* WHAT YOU NEED TO DO
Output nothing except the lines from the one containing "Measures - 11" through the final line of the data, both included, typed exactly, minus the pictures.

--- RECORDS SUPPLIED Enclosed Below ---

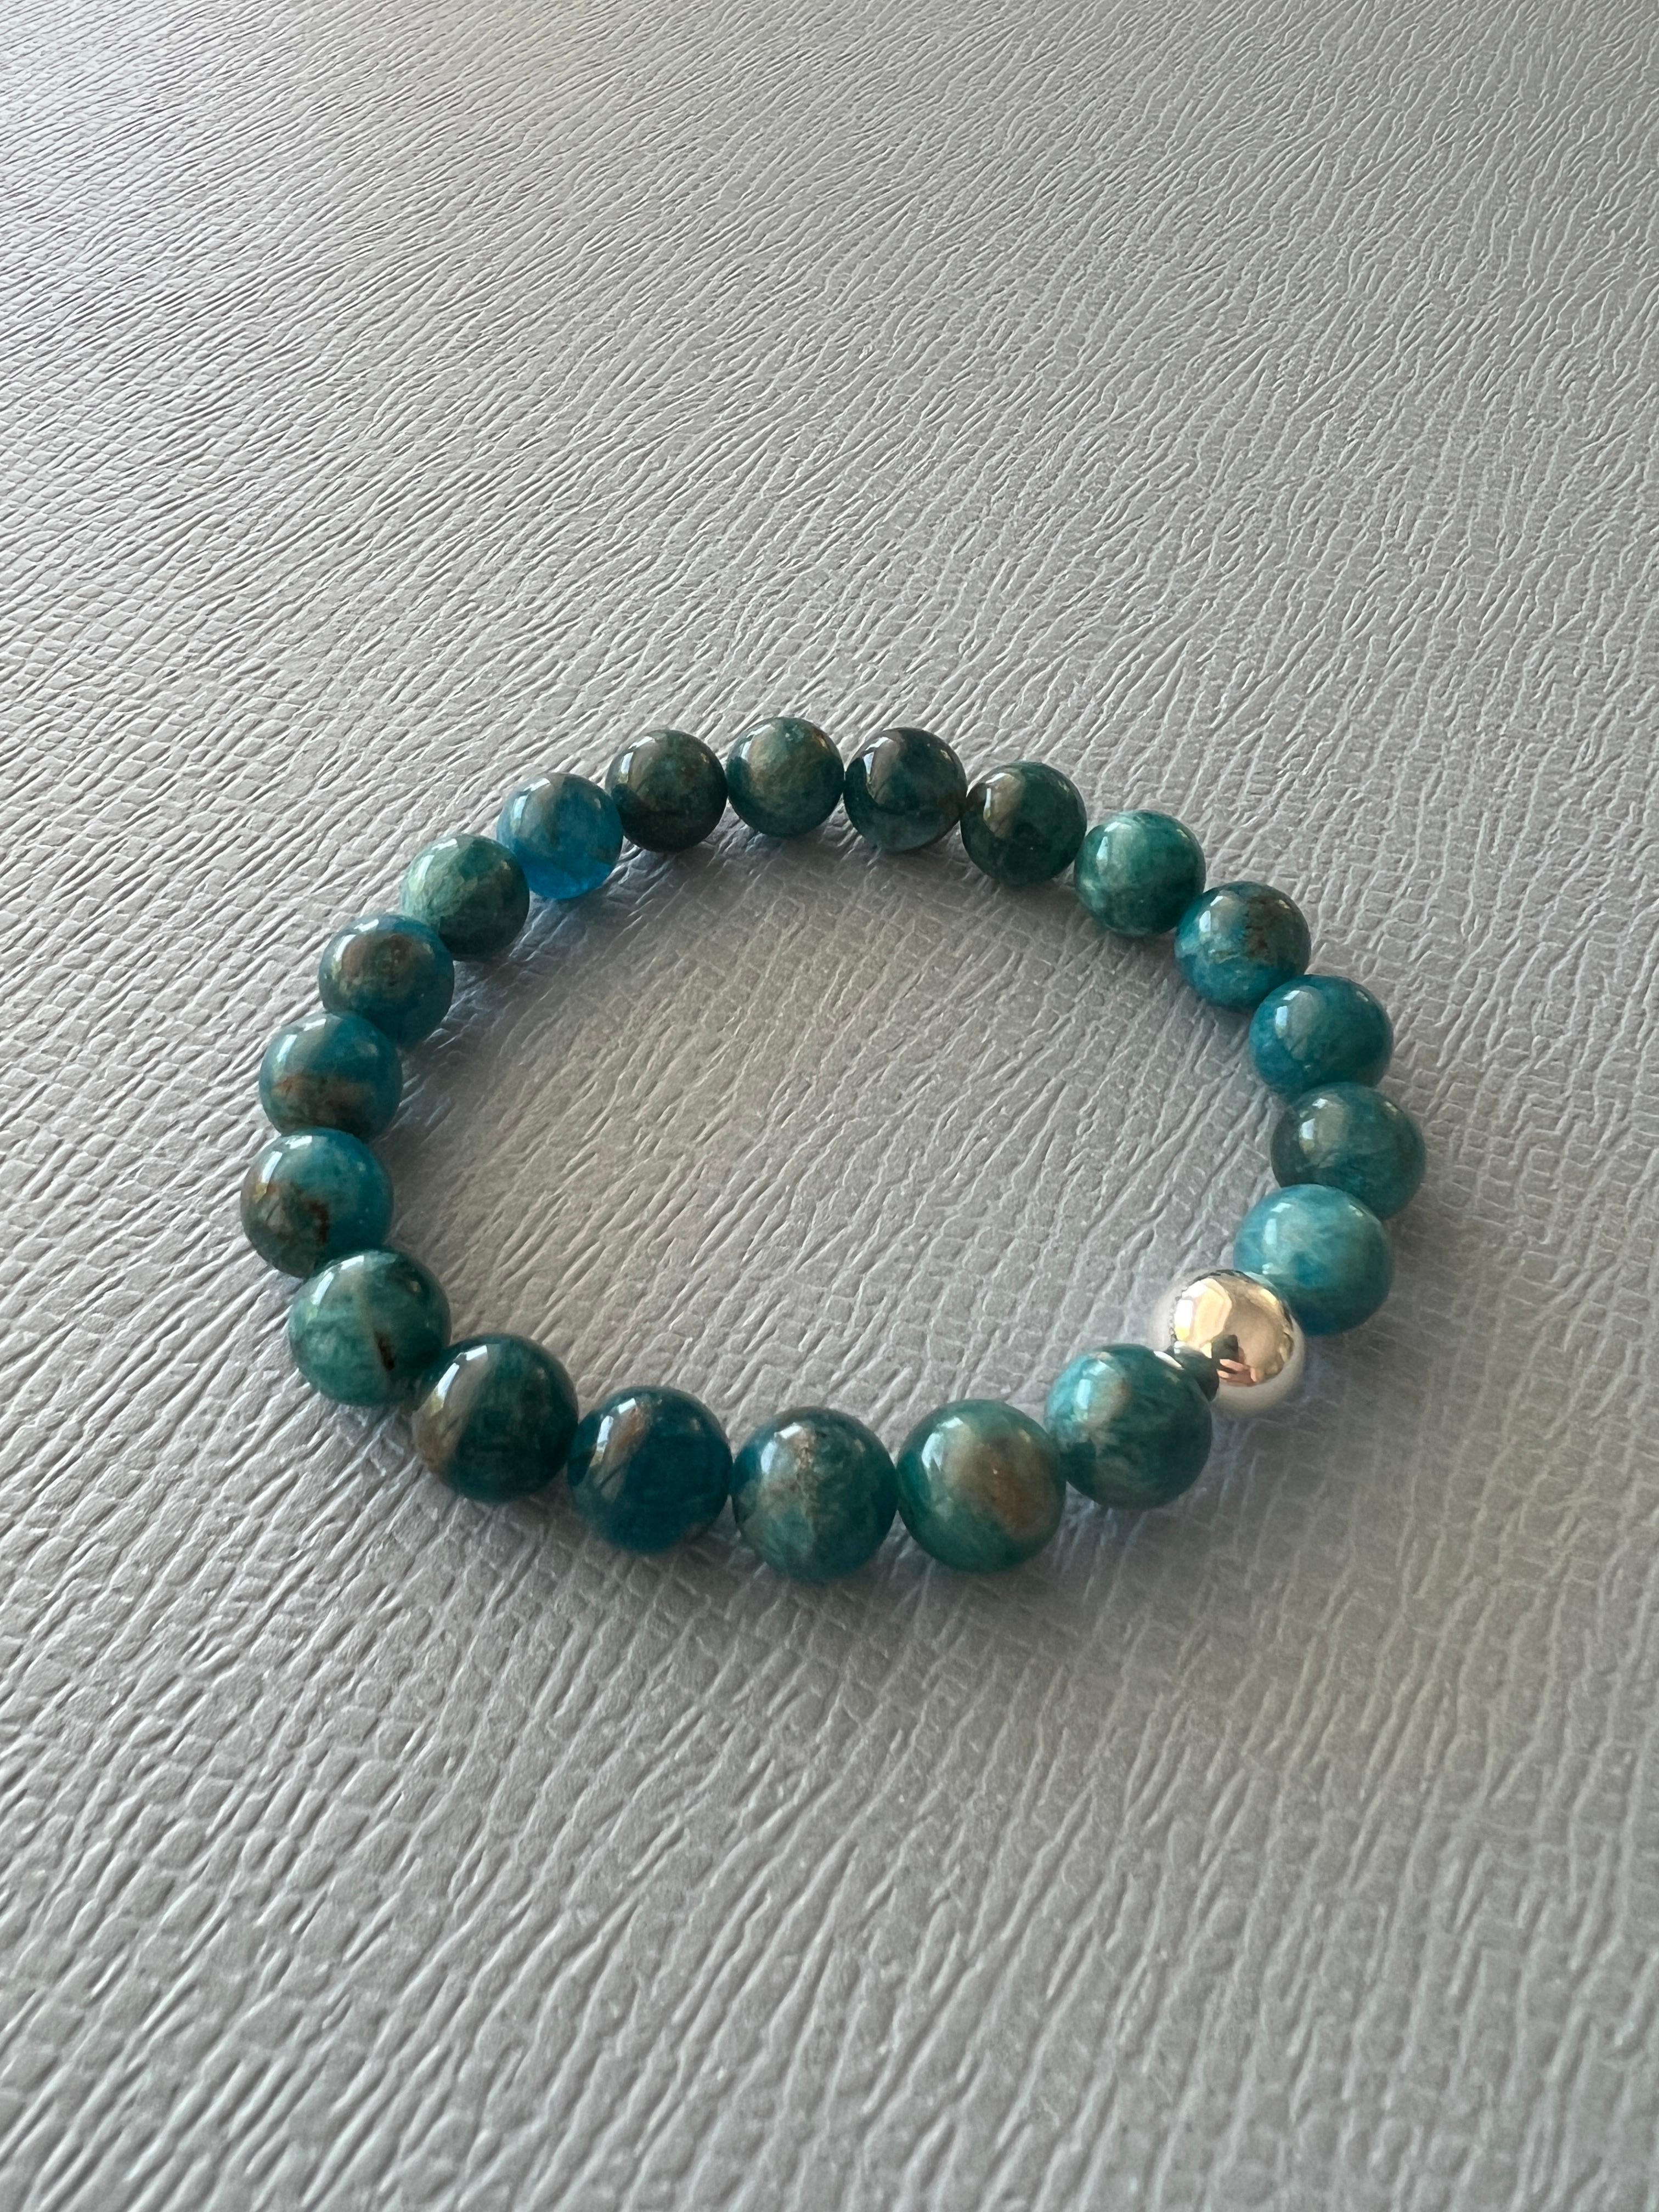 Blue Petroleum Apatite Round Bead Elastic Bracelet Silver Bead 

Made in Los Angeles

Designer: J Dauphin

The Natural Blue Apatite Round Bead Stackable Bracelet is an embodiment of geological history and metaphysical properties. Known for its deep,
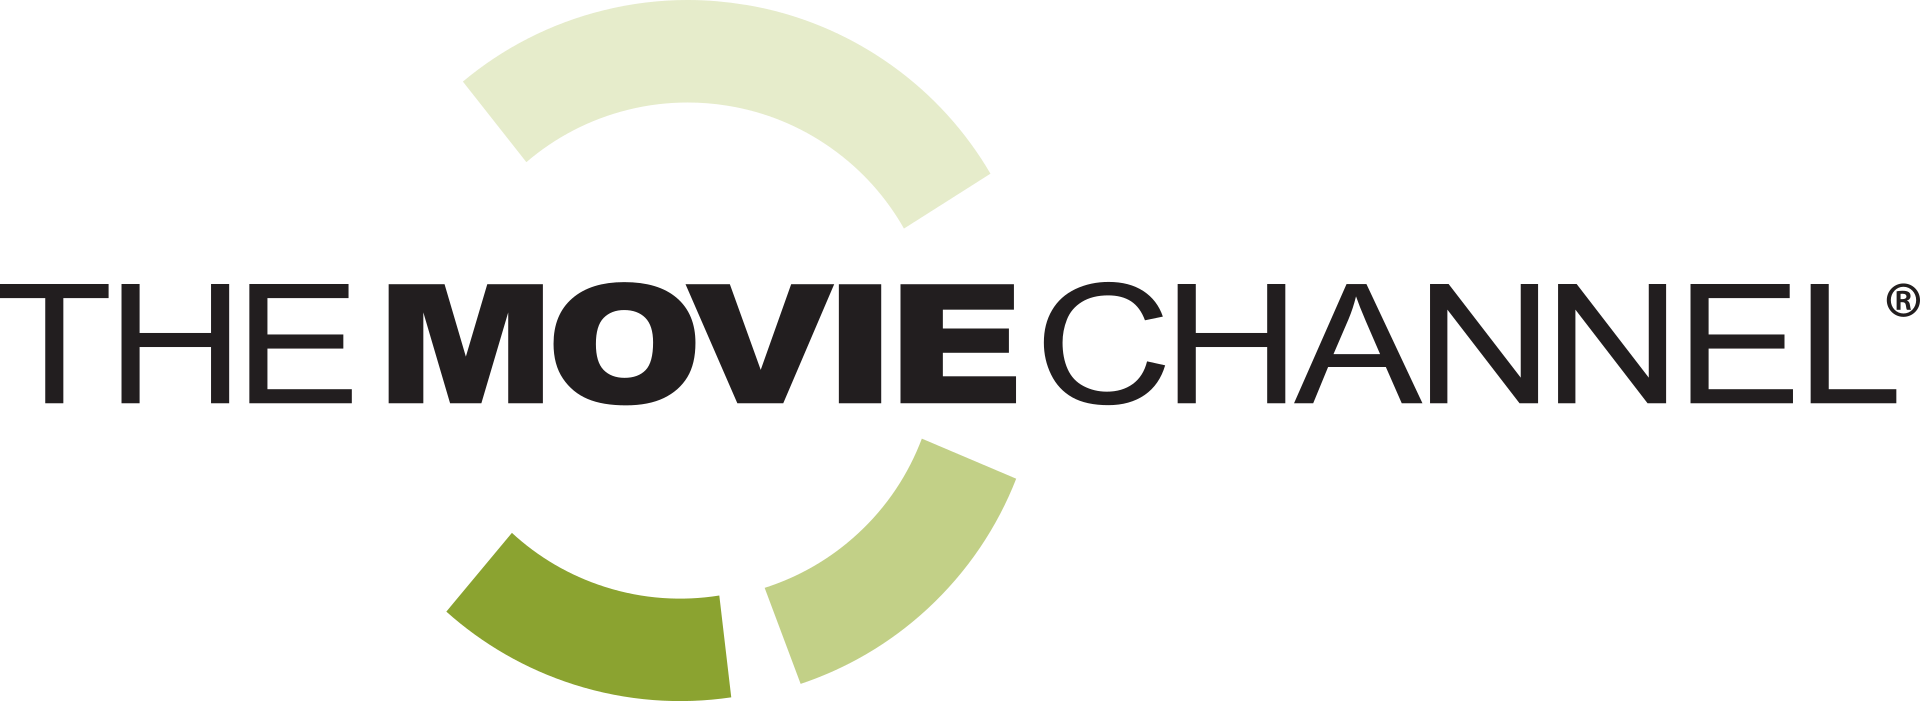 The_Movie_Channel.svg
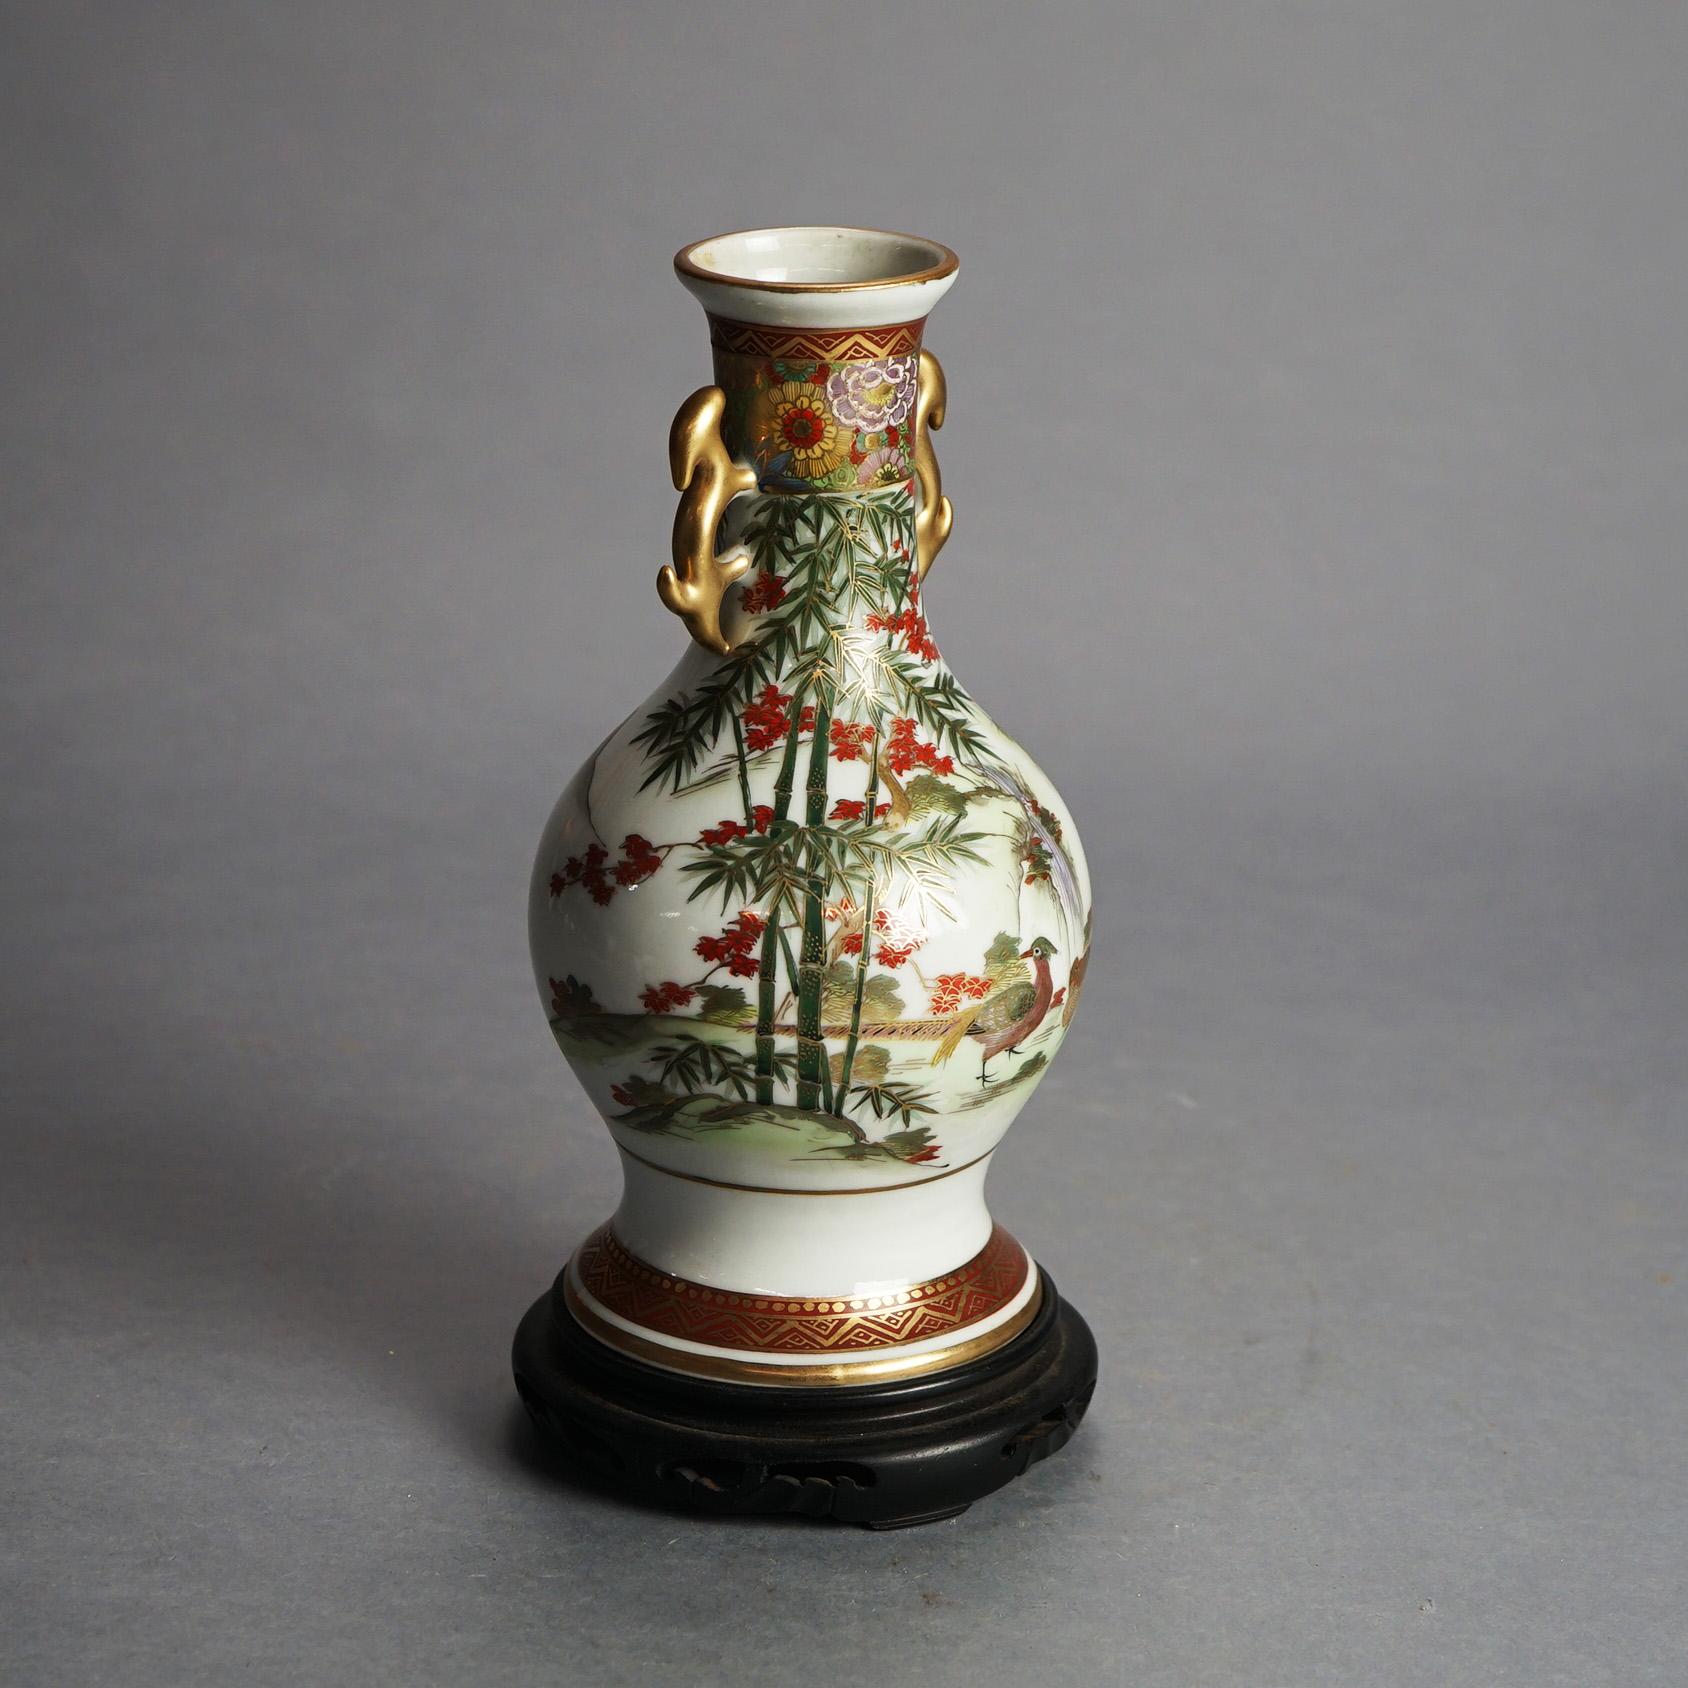 Antique Japanese Satsuma Hand Painted & Gilt Porcelain Double Handled Vase with Garden Scene on Wood Stand C1920

Measures - 11
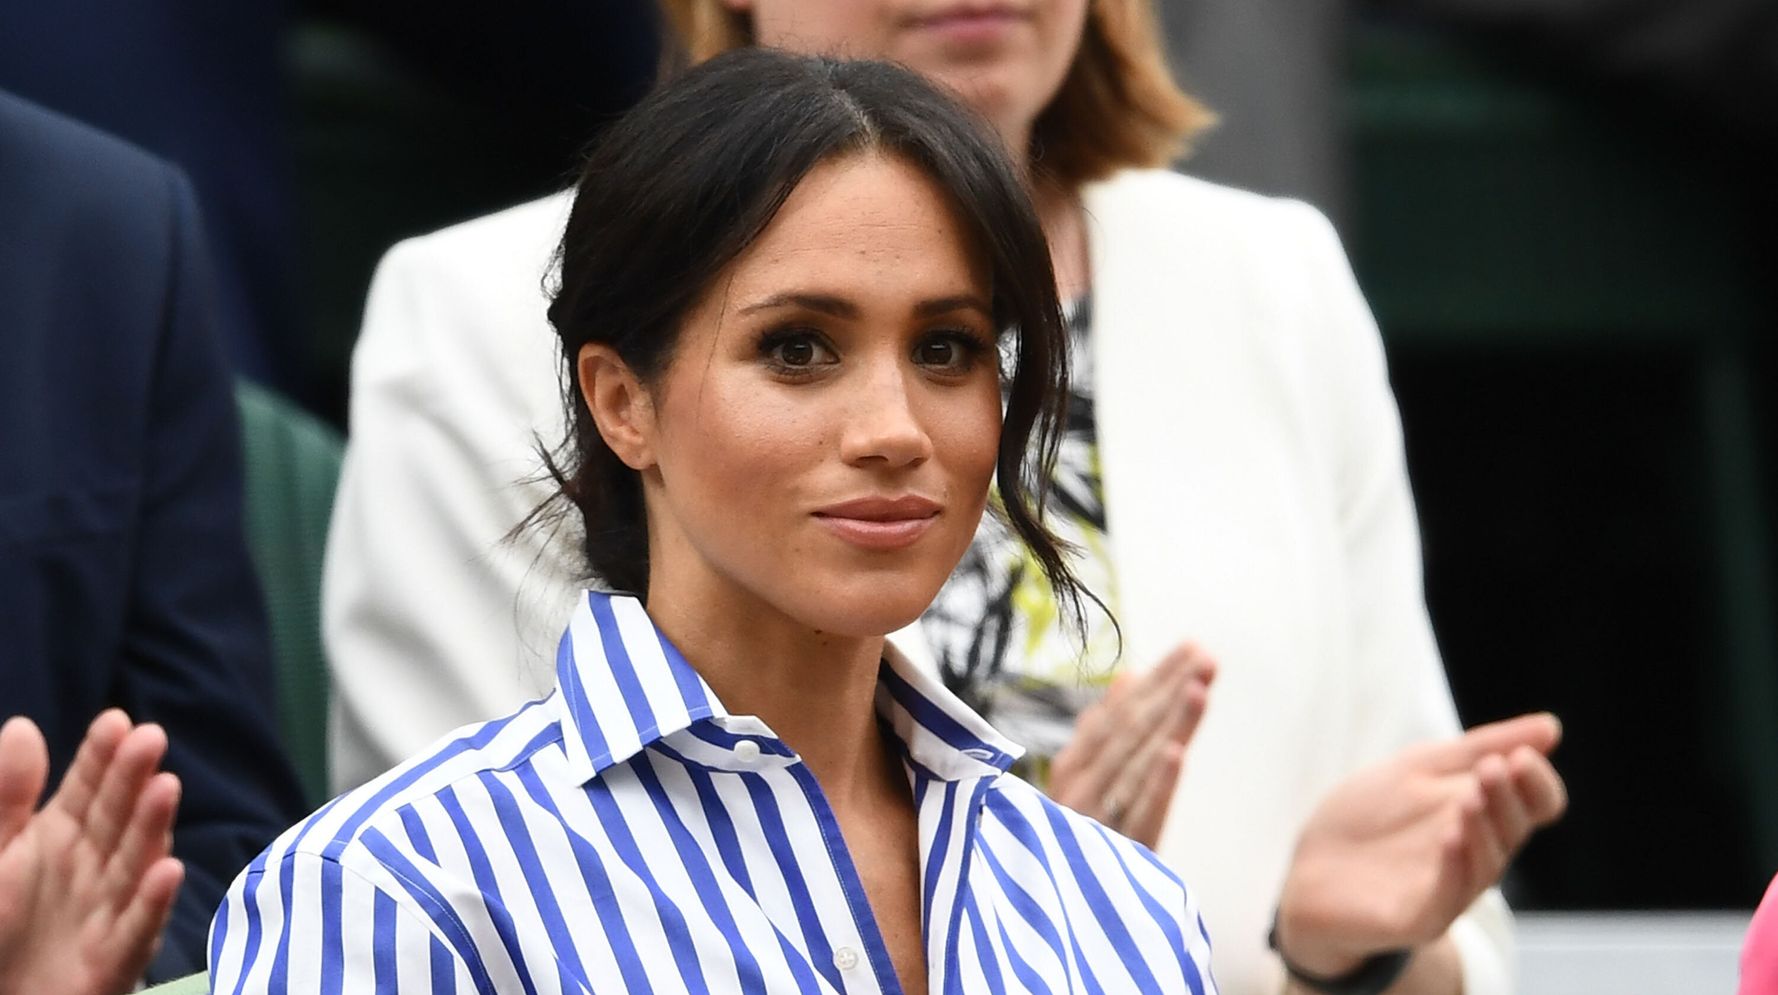 Meghan Markle responds that she bullied Royal Aides

--- End of Enclosed RECORDS SUPPLIED ---

* ANSWER TO THIS PROBLEM
Measures - 11
 Meghan Markle responds that she bullied Royal Aides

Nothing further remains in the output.